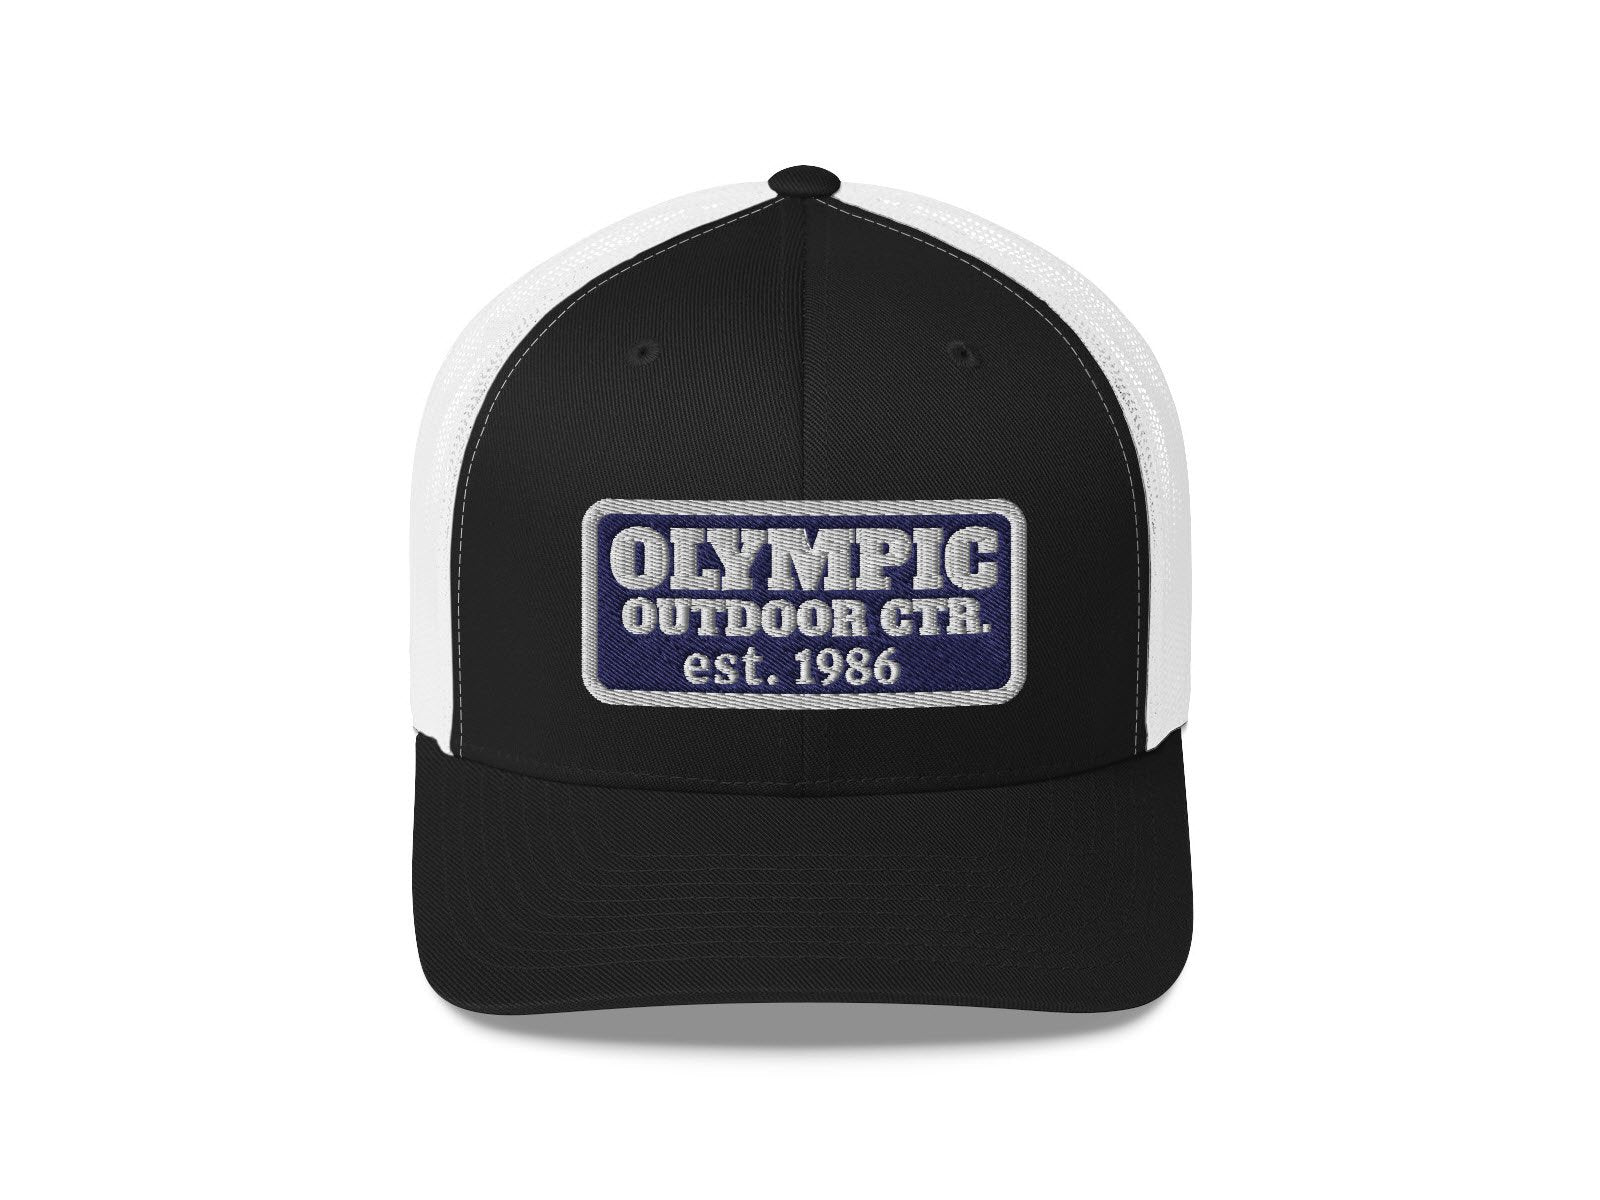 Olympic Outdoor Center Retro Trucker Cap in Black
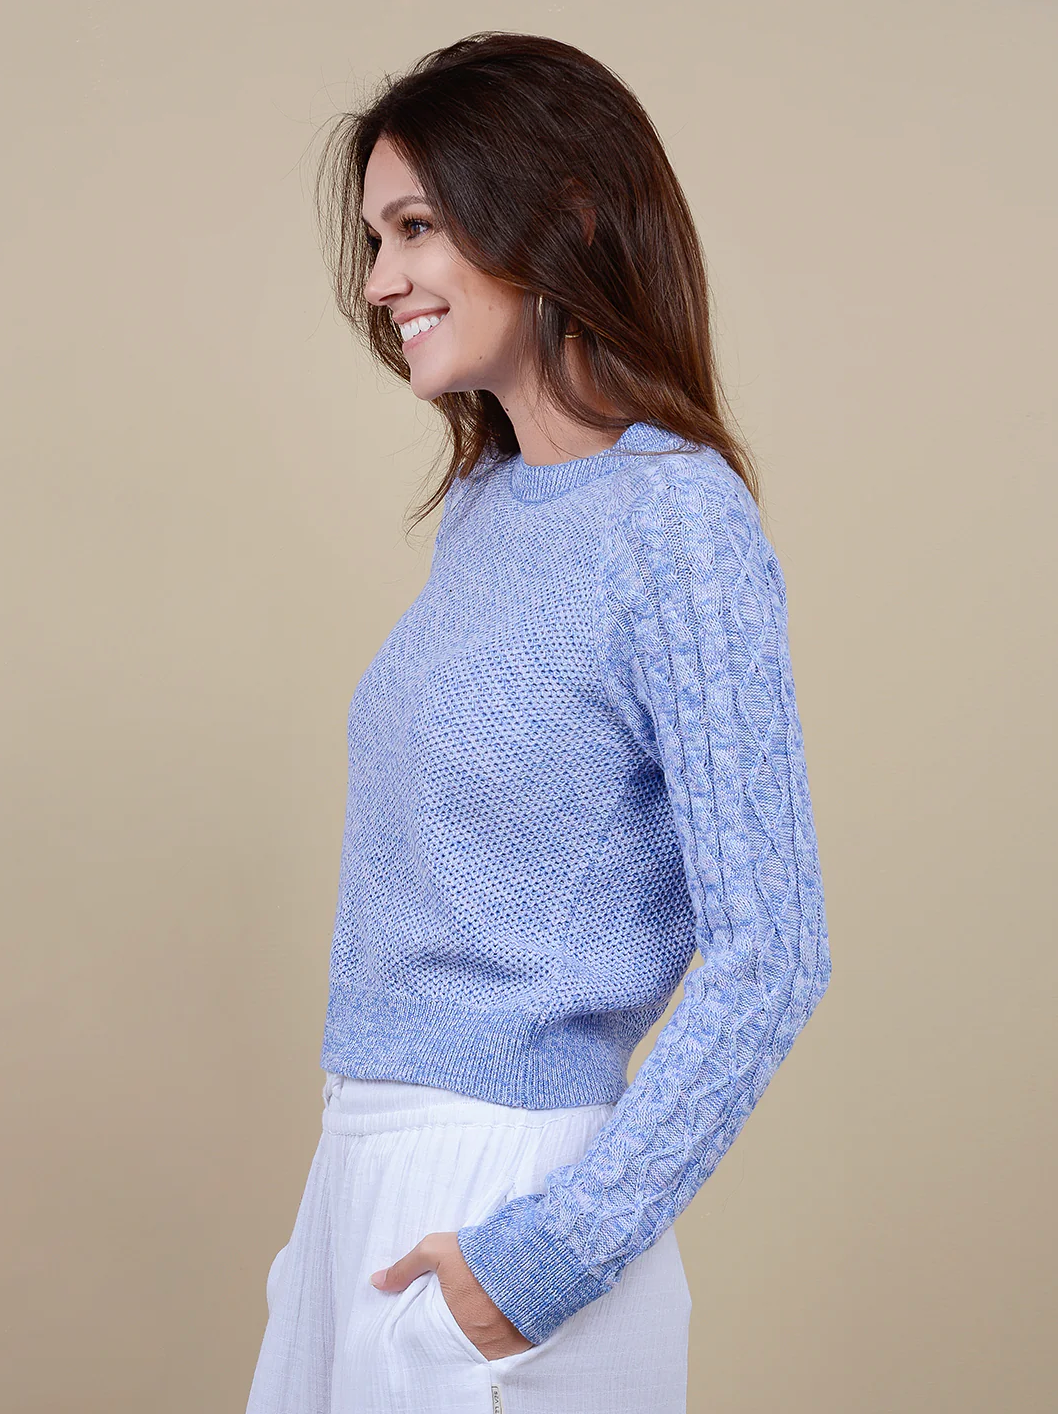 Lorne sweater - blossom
┄┄┄┄┄┄┄┄┄┄┄┄┄┄┄┄┄┄┄┄
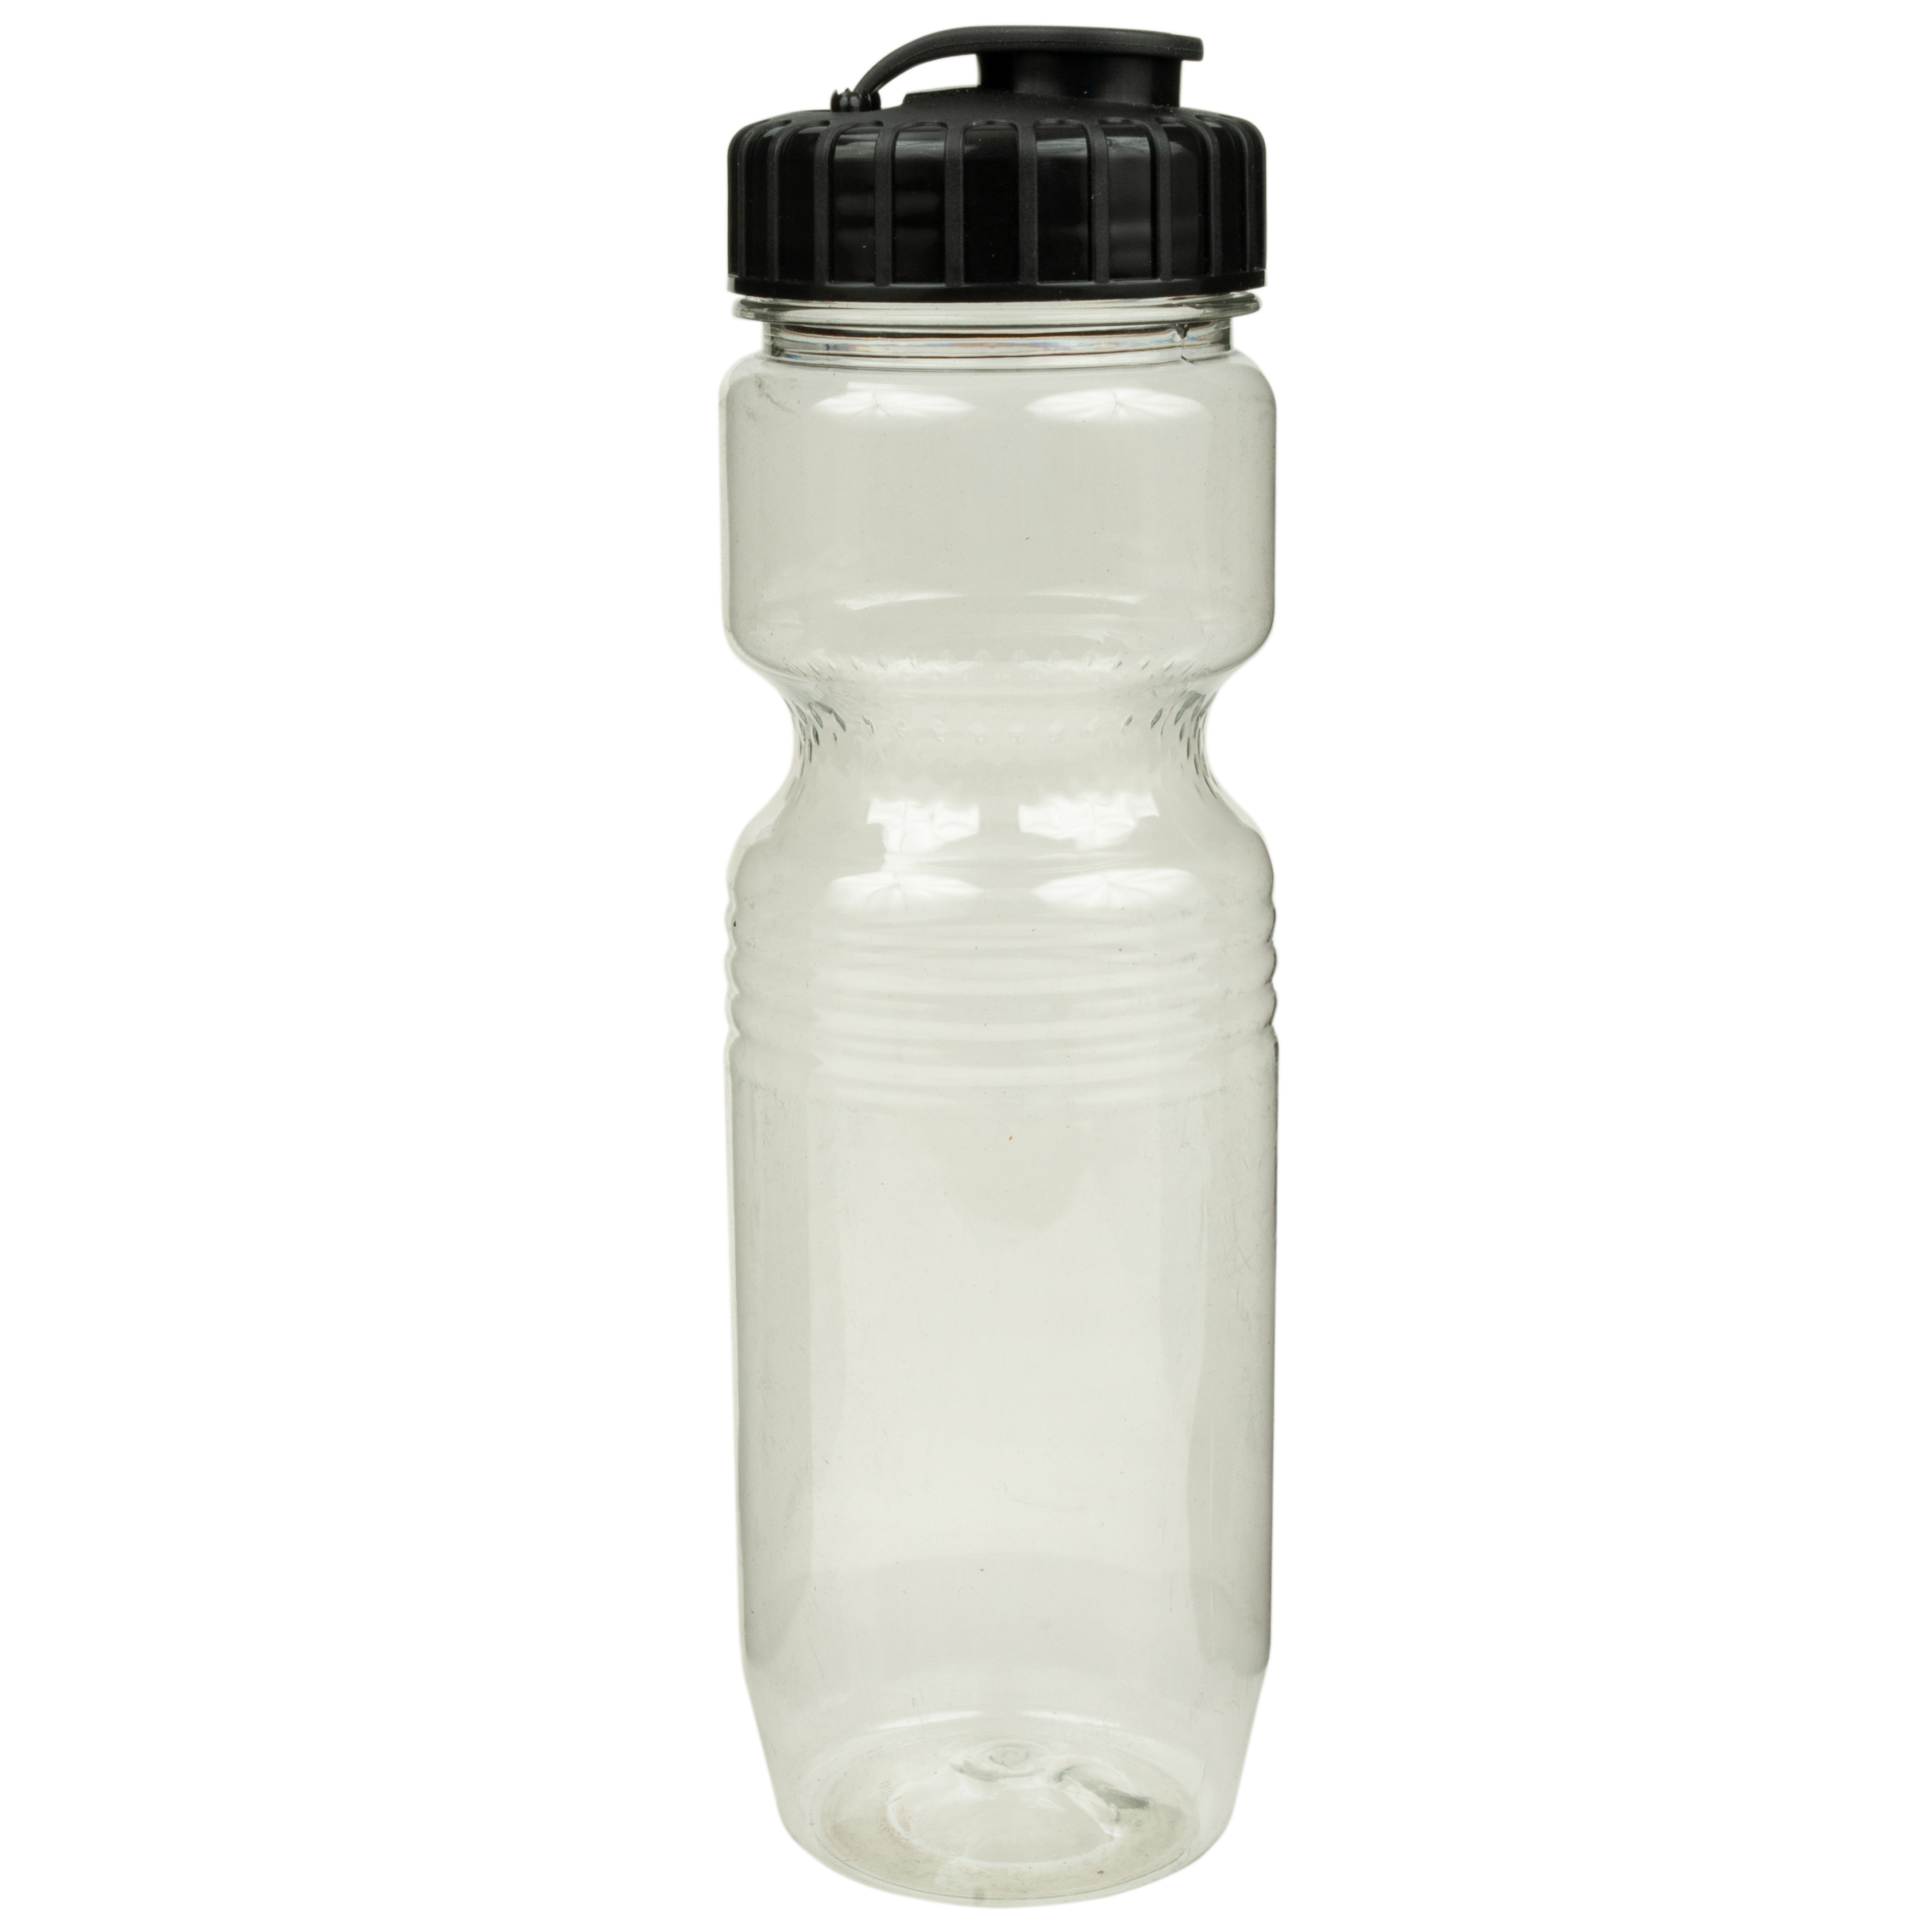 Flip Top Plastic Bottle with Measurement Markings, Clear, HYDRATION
┄┄┄┄┄┄┄┄┄┄┄┄┄┄┄┄┄┄┄┄
_Task to carry out_
What you write must match the listing exactly, from the line with "Olympic Outdoor Center" up to and including the line with "Lorne sweater - blossom". Pictures stay out.

_Solution for this problem_
 Olympic Outdoor Center Retro Trucker Cap in Black
 Lorne sweater - blossom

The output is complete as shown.